1. You might want to override the default stat. This would allow us to use `geom_bar` to plot our pre-summarised drug data: 
```{r geom_col with stats, fig.align = 'center', fig.height = 3, fig.width=4}
ggplot(drugs) +
  geom_bar(aes(drug, effect), stat = "identity")
```  

2. You might want to override the default mapping from transformed variables to aesthetics. For example, you might want to display a bar chart of proportion, rather than count:

```{r override stats, fig.align='center', fig.height=3, fig.width=4}
ggplot(data = diamonds) + 
  geom_bar(mapping = aes(x = cut, y = stat(prop), group = 1))
```  
  
To find the variables computed by the stat, look for the help section titled "computed variables".  
  
  
3. You might want to draw greater attention to the statistical transformation in your code. For example, you might use `stat_summary()`, which summarises the y values for each unique x value, to draw attention to the summary that you're computing:
```{r summary stats, fig.align='center', fig.height=4}
ggplot(data = diamonds) + 
  stat_summary(mapping = aes(x = cut, y = depth),
               fun.min = min,
               fun.max = max,
               fun = median)
```  
  
  
## Time series with lines  
  
  
Line and path plots are typically used for time series data. Line plots join the points from left to right, while path plots join them in the order that they appear in the dataset (in other words, a line plot is a path plot of the data sorted by x value). Line plots usually have time on the x-axis, showing how a single variable has changed over time. Path plots show how two variables have simultaneously changed over time, with time encoded in the way that observations are connected.

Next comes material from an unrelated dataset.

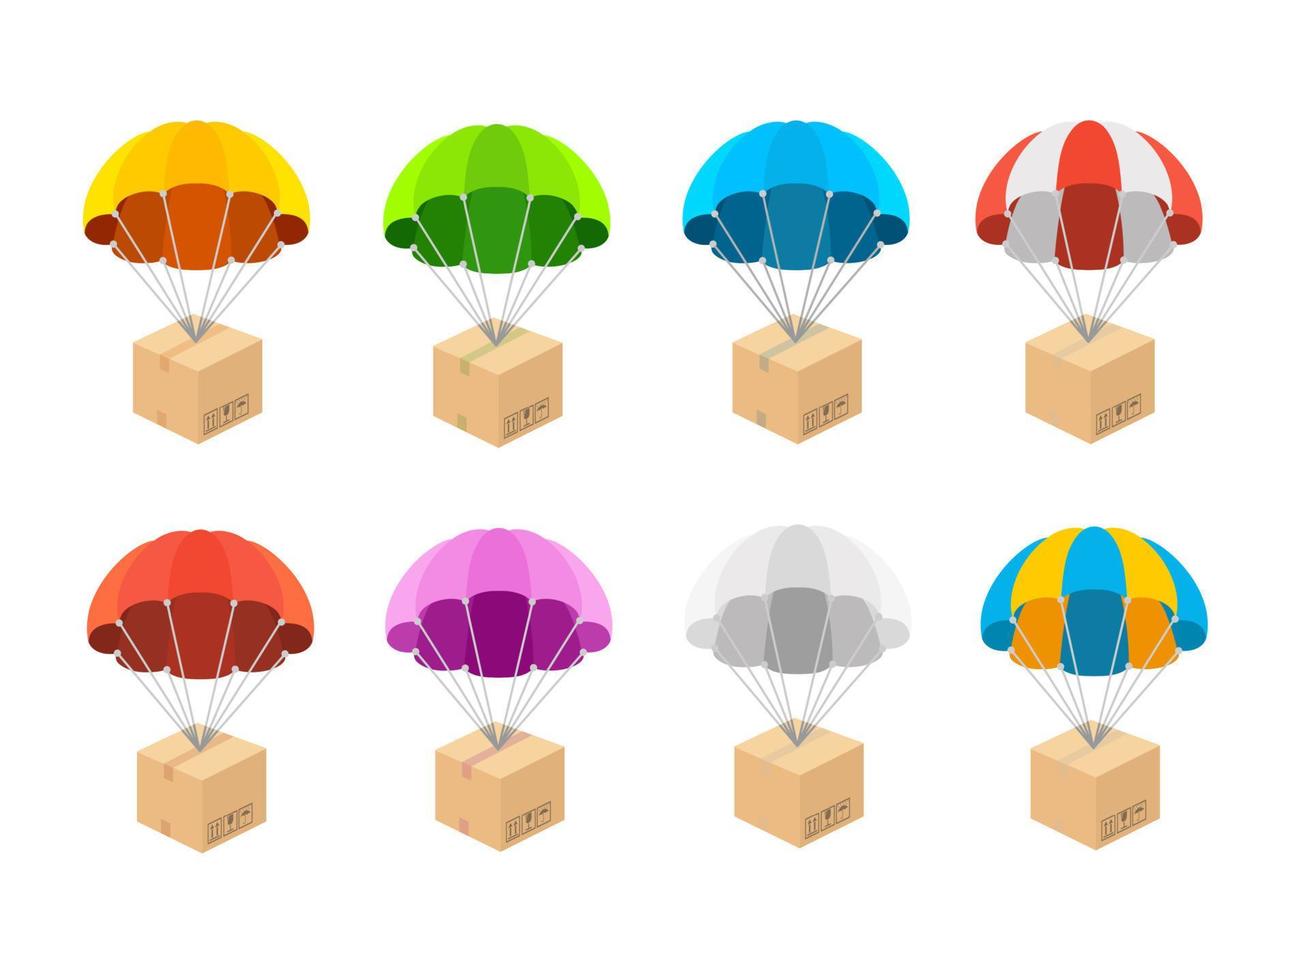 karikaturfarbe unterschiedlicher fallschirm mit gesetzten kastenikonen. Vektor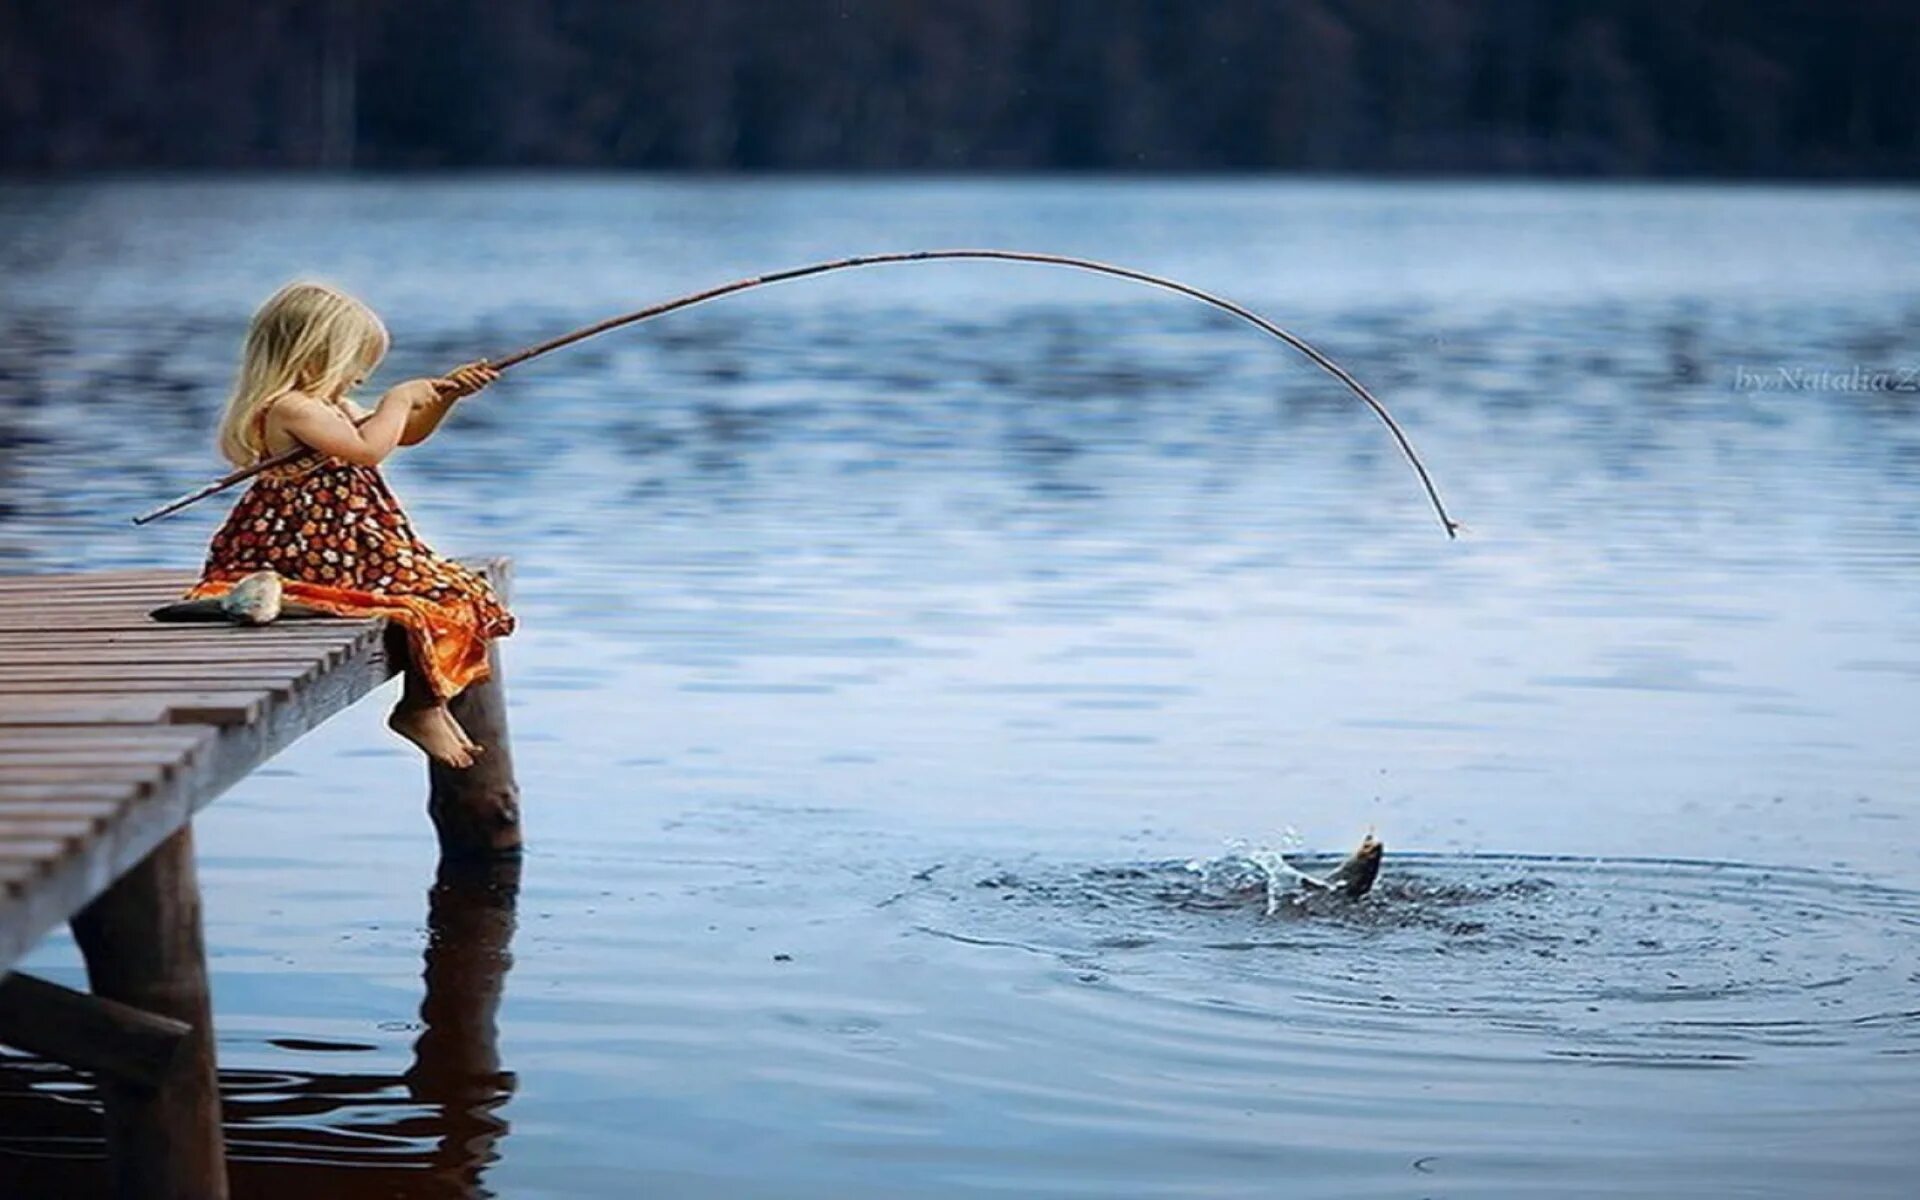 Рыбу удят удочкой. Девочка рыбачит. Девушка с удочкой. Девочка на рыбе с удочкой. Девочки на рыбалке.

Because the year variable in the mpg dataset only has two values, we'll show some time series plots using the economics dataset, which contains economic data on the US measured over the last 40 years.

```{r line plot, fig.height=4, fig.align='center'}
ggplot(economics, aes(x = date, y = uempmed)) + 
  geom_line() 
```   
  
  
We end the first part of our ggplot2 webinar here and continue with part 2 next week. So far, we've learned how to **call a ggplot** with `ggplot()` and add various **geoms** to it. We've learned how to map data to **aesthetics** to answer a few basic questions. An alternative approach to mapping aesthetics was **facetting**. We looked a bit under the hood of ggplot when we examined the **statistics** of each geom. Equipped with these tools, we can now produce a lot of different and complex plots.  
In the next part, we will try to make these plots visually pleasing. You will learn to modify the look of a ggplot so that it fits your needs. In the end, you will be able to produce publication ready plots within R. Additionally, we will learn how to safe those plots.